I should be focused on packing. Today's my last day at the cabin. Tomorrow, I drive home, unpack, and then it's straight back to my old life on Monday—like none of this ever happened. Like this summer didn't change me.

Something in my chest aches.

I put in so much work here. Sweat, blood, tears. This place isn't just a getaway anymore—it's mine. It saw me through my rock bottom and helped me come out the other side. Leaving now feels like I'm walking away from a piece of my own heart.

And Archer? This little bastard is making it ten times worse.

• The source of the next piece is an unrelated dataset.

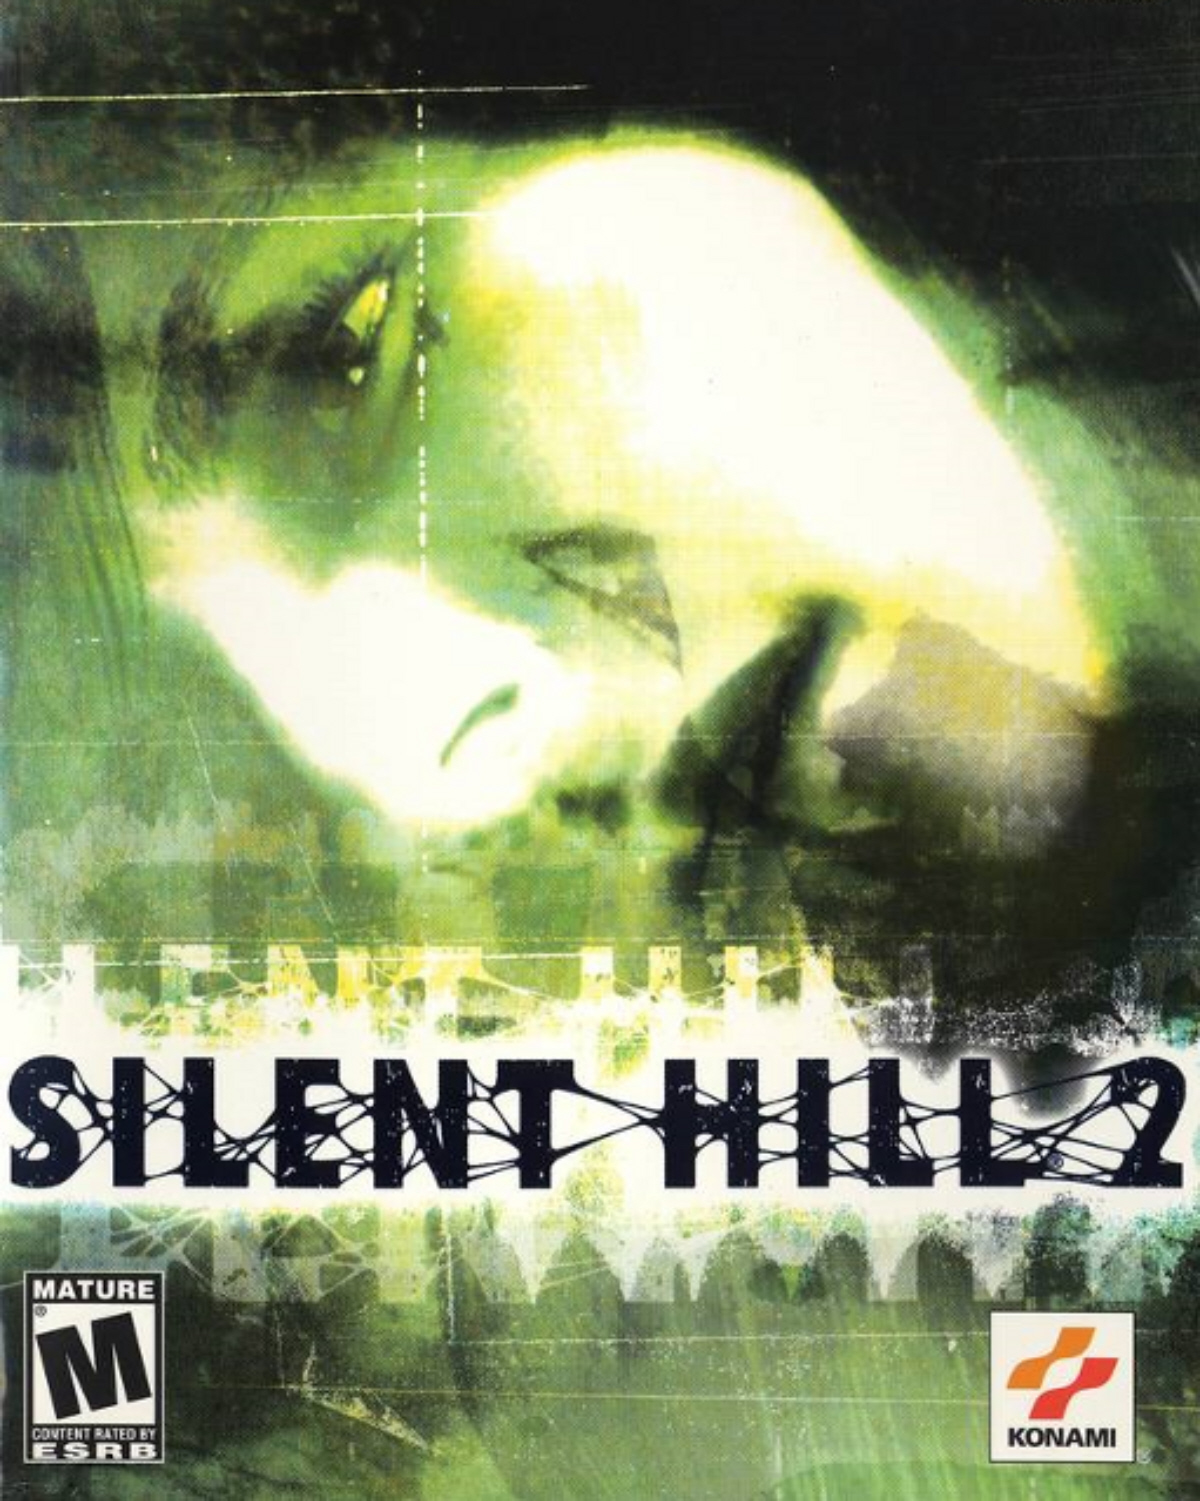 silent hill 1 download pc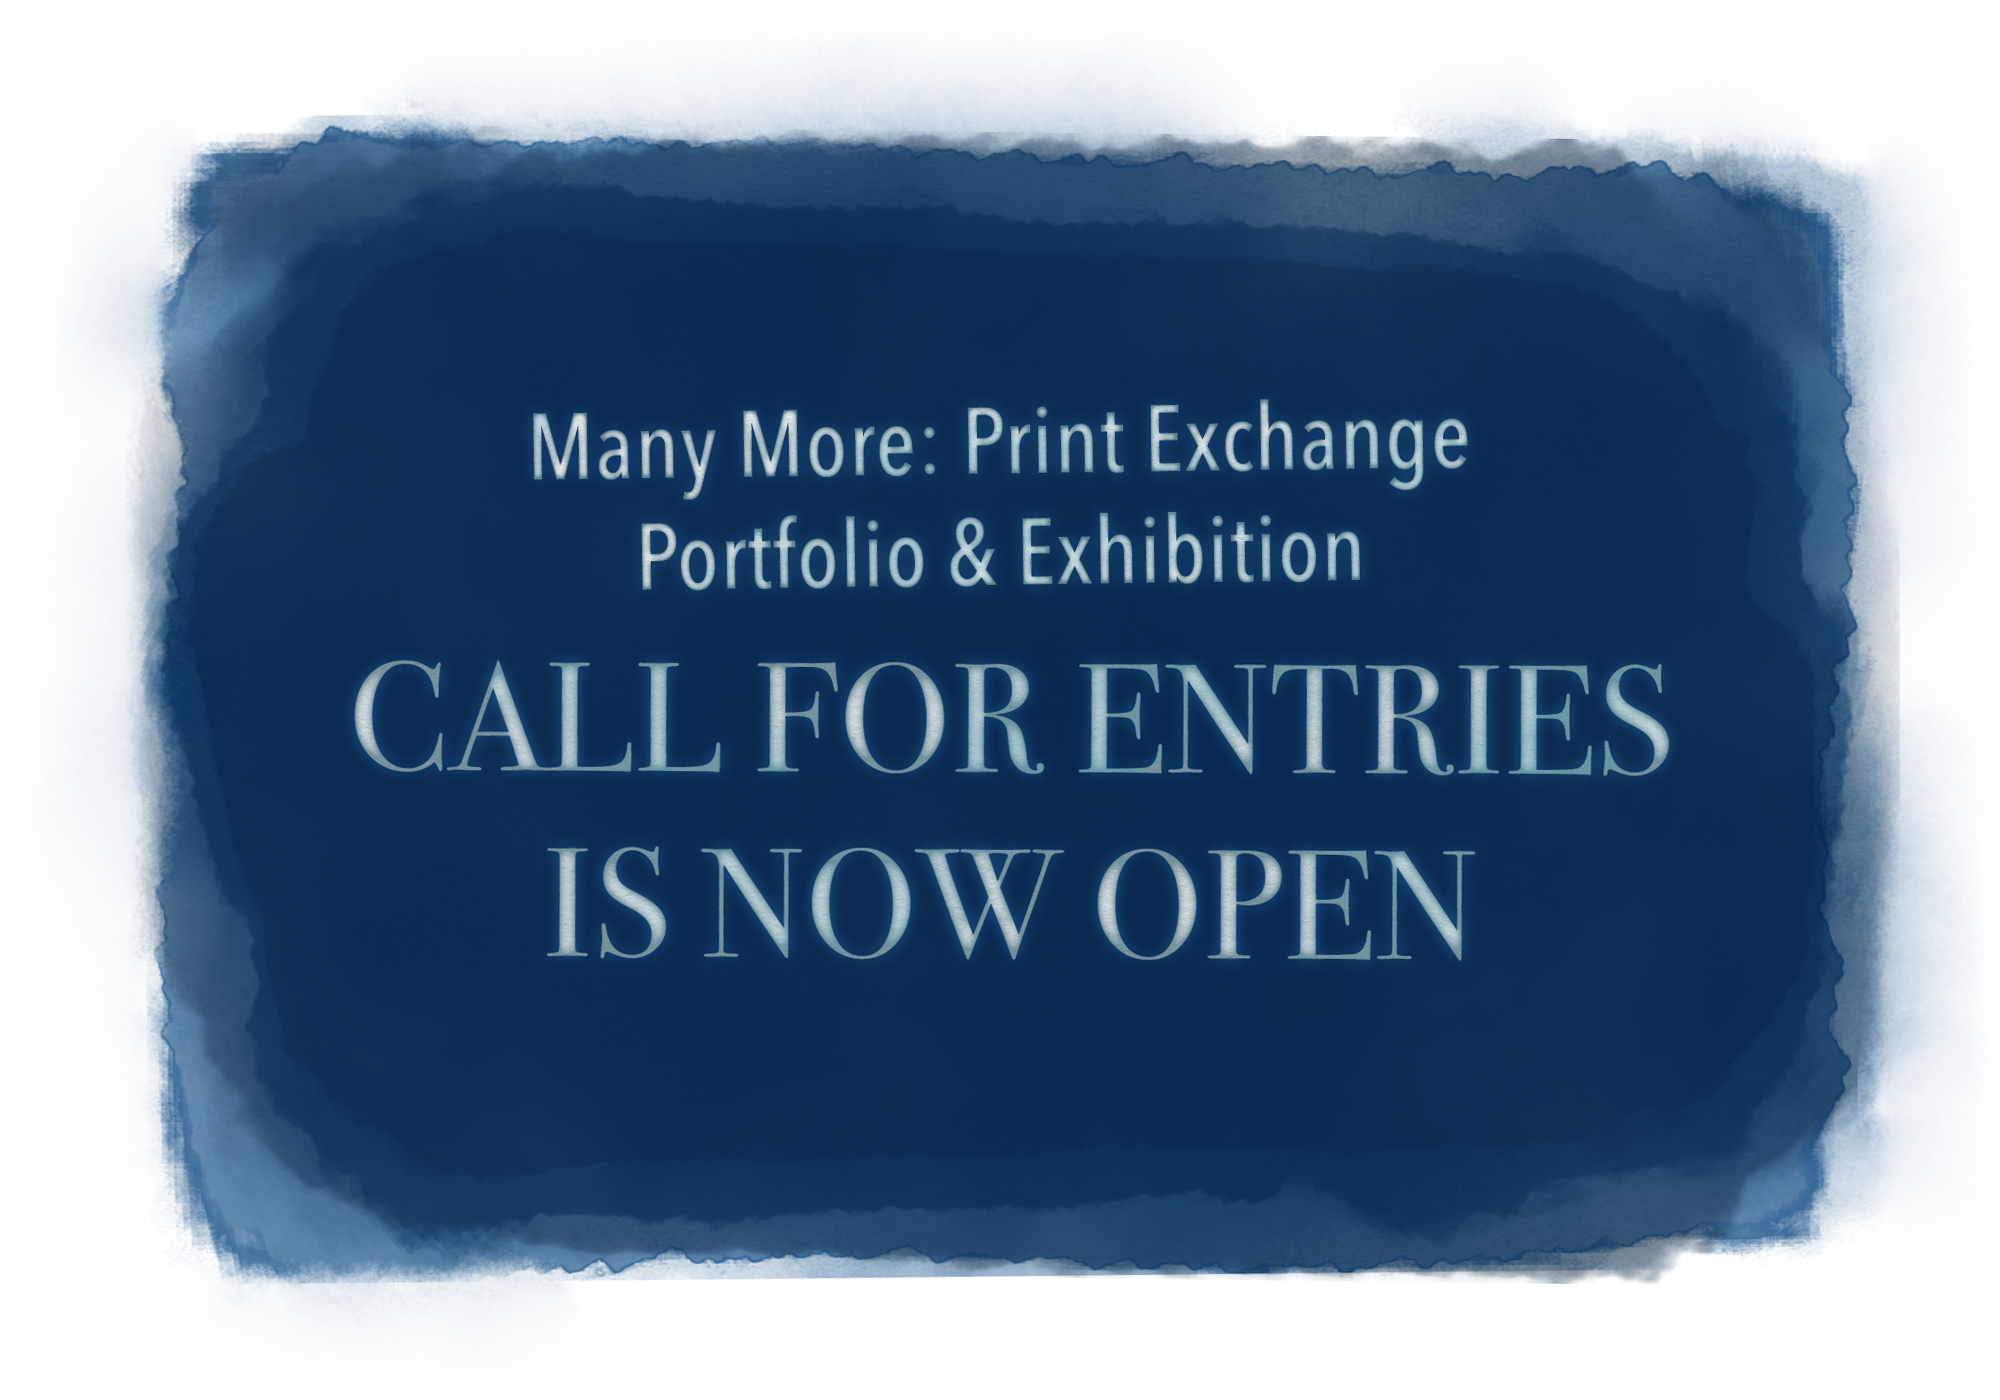 A title card showing the words "Many More: Print Exchange Portfolio & Exhibition — CALL FOR ENTRIES IS NOW OPEN"

He's been pacing near his litter box, yowling louder than usual. The damn cat never shuts up, but this is something else. At one point, I swear he howled like a damn banshee.

I run a hand through my hair, exhaling hard. I need Owen.

Owen always makes everything better. Just hearing his voice calms me down. And he texts me. A lot.

Every morning. Every time something random pops into his head. Which is often. And then, without fail, I get a phone call before bed.

If someone had told me months ago that I'd be in a relationship with a guy like that, I would've laughed my ass off. No fucking way.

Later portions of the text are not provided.